Ich habe heute lange überlegt, dass Thema zur Flut unzähliger Menschen auf den europäischen Kontinent überhaupt aufzugreifen. Diese Flut scheint unerschöpflich, und das nicht erst seit 2015.
Ein Ende dieser Vorgänge ist nicht in Sicht.

Darum macht es auch wenig Sinn, dem Ganzen große Aufmerksamkeit zu schenken. Denn wenn schon die ö R. berichten, wird im Hintergrund bereits die nächste „Suppe“ zubereitet.
Daher nur kurz:
Heute erklangen aus einem Video die schrillend lauten Schreie von Frauen und die hilfesuchenden Rufe von einzelnen Männern. Sie klangen ängstlich, ja, nahezu verzweifelt. Und nein, es waren nicht die Schreie und Rufe von den geflüchteten Menschen, vielmehr waren es die der Einwohner des Landes, die den sogenannten Flüchtlingen Schutz bieten sollen.
Ich will das nicht weiter ausführen, die Bilder (auch im Mainstream) sprechen für sich.
Zeigen die Bilder tatsächlich das, was ich wahrnehmen muss oder soll? Tanzende, fröhlich gestimmte junge Männer, gerade auf einer kleinen Insel im Süden Europas eingetroffen, im Freudentaumel mit französischen und deutschen Mädchen, die sich hier als Helfer einbringen.
Emotionsgeladen und fehlinstrumentalisiert stürzen sich diese Mädchen auf ein Feld, dass sie vermutlich nicht mehr unbeschadet verlassen werden.
Auf der anderen Seite, völlig überforderte Polizisten, die diese vielen „geflüchteten“ Männer kaum noch unter Kontrolle bringen können.
Außer Kontrolle waren gestern auch die Männer des sogenannten Eritrea-Festivals in Stuttgart.
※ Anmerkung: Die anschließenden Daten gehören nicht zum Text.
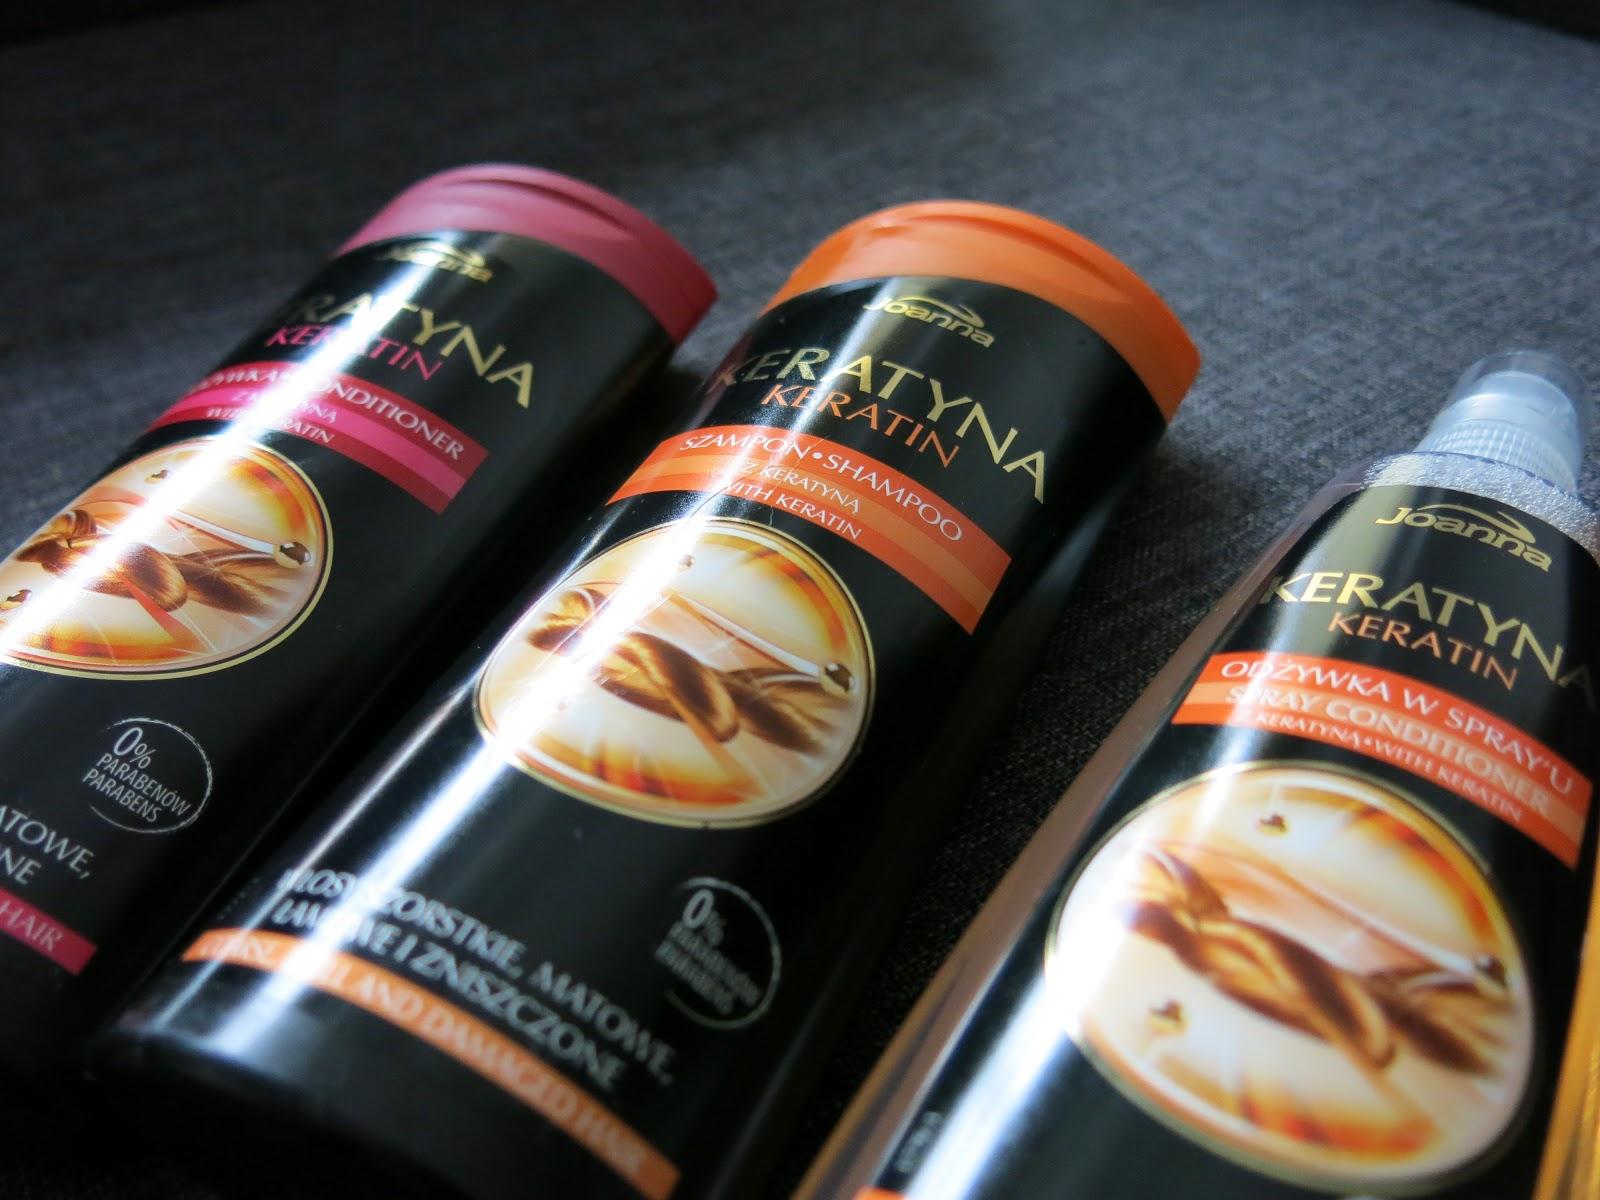 Laboratorium Kosmetyczne Joanna - kosmetyki do włosów: Keratyna.

Dort flogen Steine, Flaschen und Holzlatten auf Polizisten, mehr als zwei Dutzend wurden verletzt.
Mit dem Wissen, unter welchen schrecklichen Bedingungen, unsere Eltern und Großeltern damals nach 1945 geflüchtet / vertrieben worden sind, – in einer Zeit, die noch nicht einmal mehr mit dem Kriegsgeschehen in Verbindung gebracht werden kann, lässt sich meine persönliche Gefühlslage gerade nur schwer beschreiben.
Es ist die Fortführung einer unglaublichen Verhöhnung des deutschen Volkes.









Das Feld des Unrechts kennt keine Grenzen, es breitet sich immer weiter aus, um alles Ursprüngliche niederzuwalzen. Wir sollten auf der Hut sein, vor allem vor einer suggerierten Solidarität und Einigkeit der europäischen Union.